Indian actress and model

Rozlyn Khan is a Mumbai-based actress and PETA model known for her breast cancer awareness activities.

==Career==
Khan has appeared in television advertisements, most notably for Fruity drink, Monaco biscuits and Kelvinator.

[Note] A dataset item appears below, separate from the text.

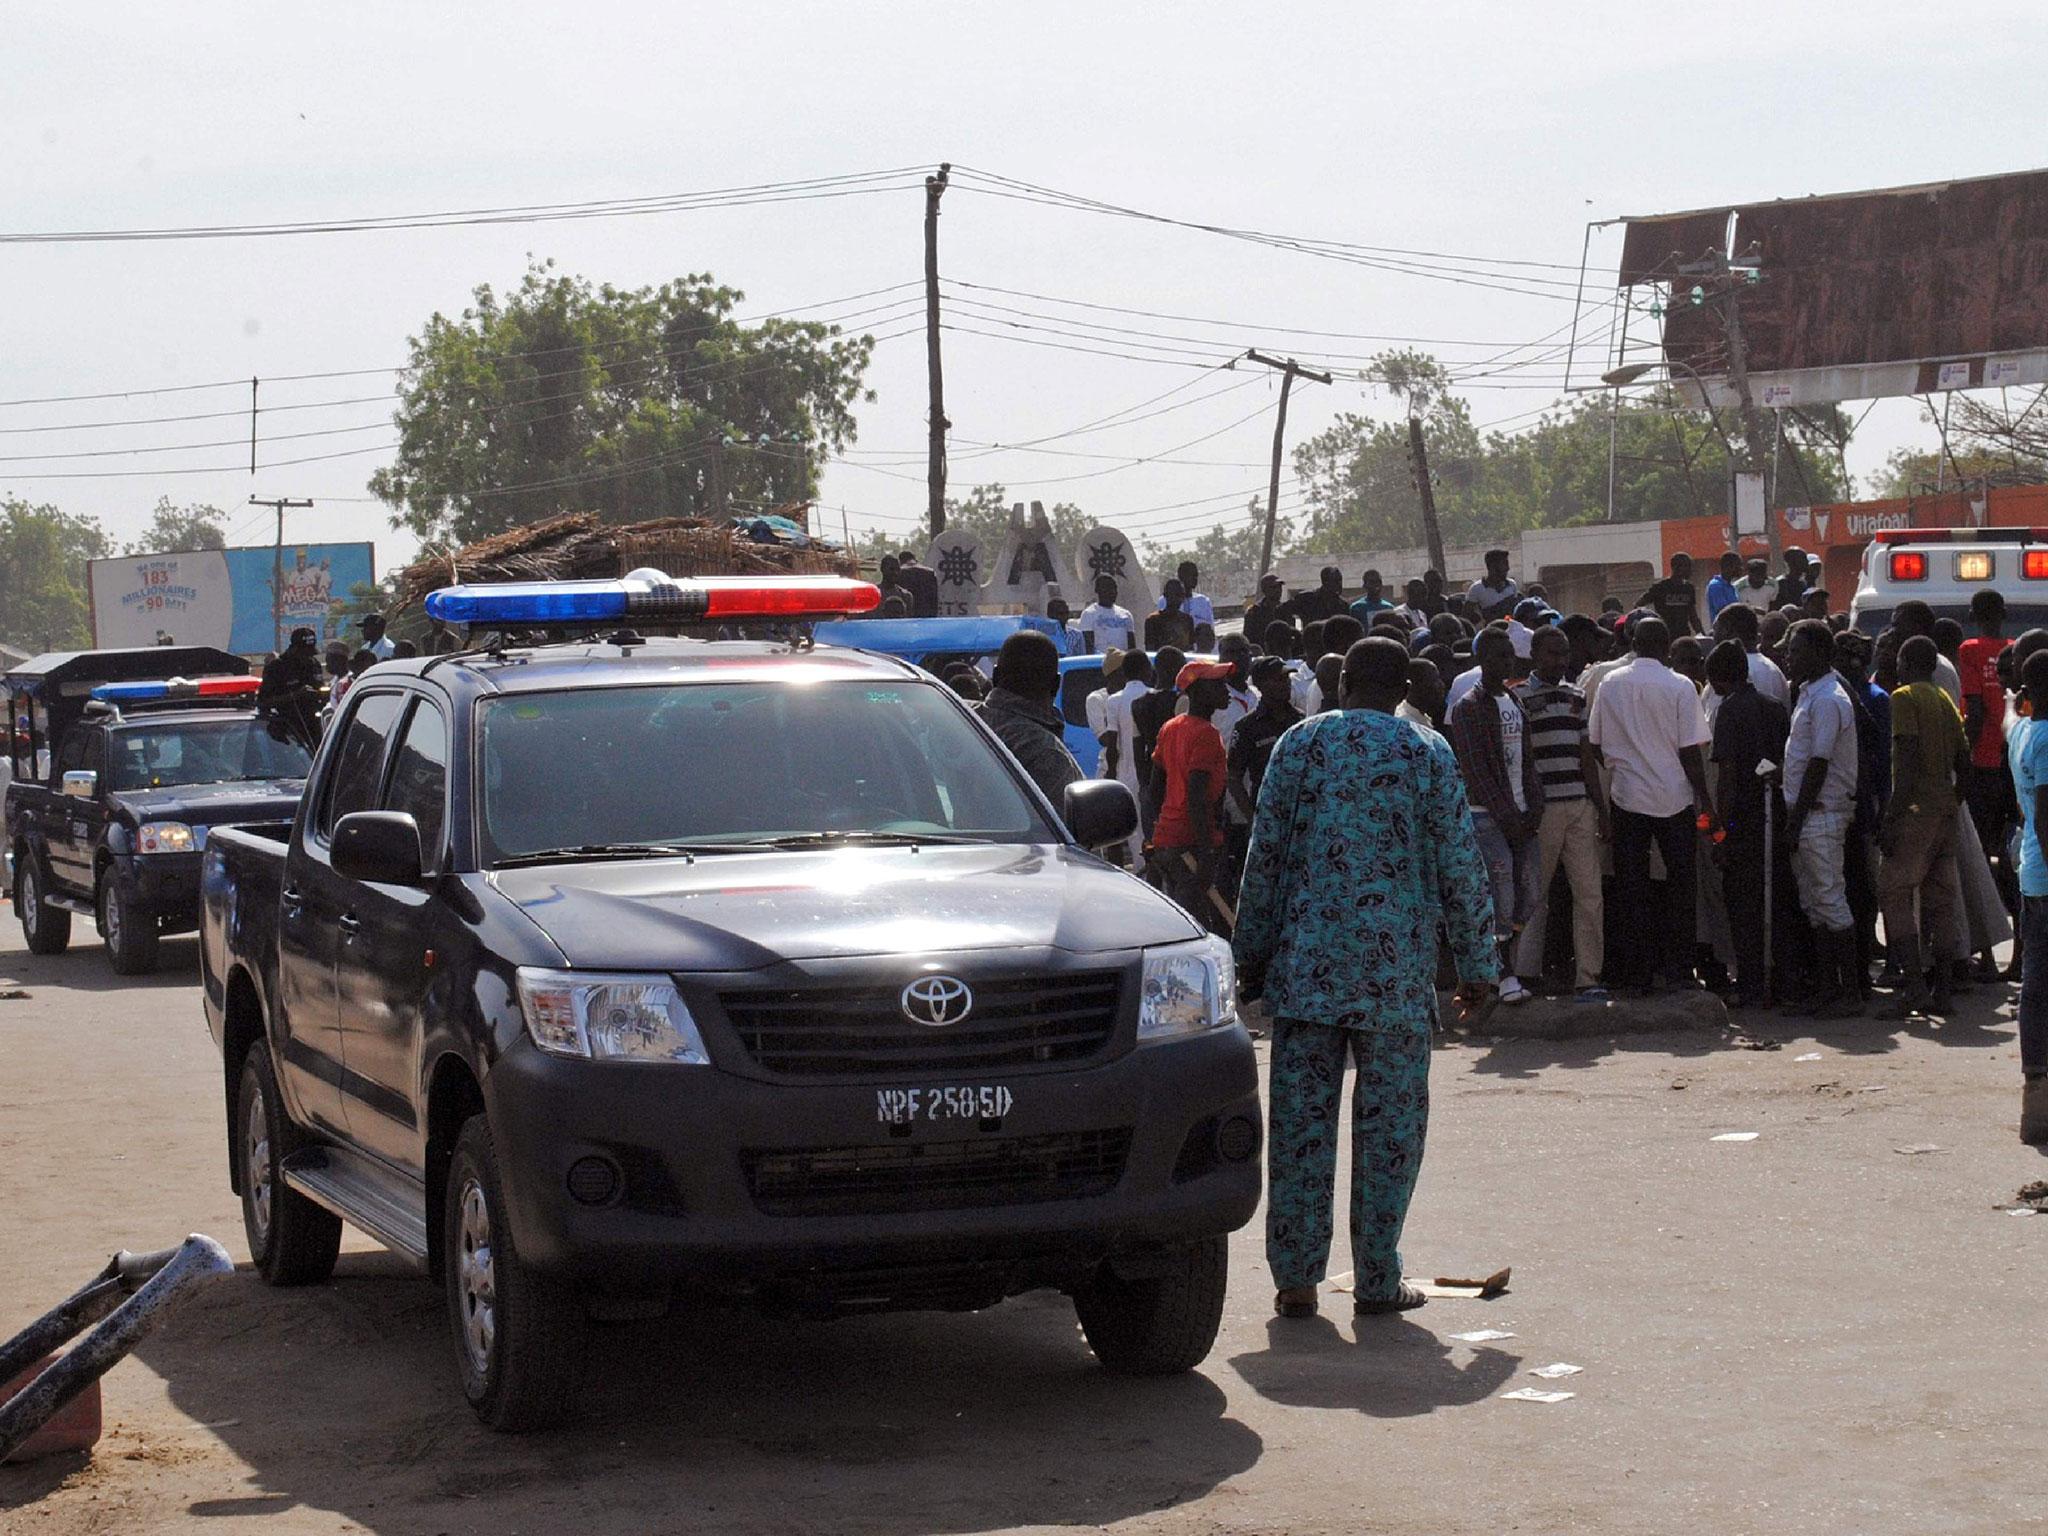 Maiduguri has been hit by a string of suicide bombings

Khan appears in the film Dhama Choukdhi. with Sanjay Mishra, Mukesh Tiwari and Dipraj Rana. On 27 July 2013, Khan announced that she will be the first Bollywood star with her own web-comic. The comic launched on 4 August on her website. Khan also voiced the lead role in the animated film Savita Bhabhi.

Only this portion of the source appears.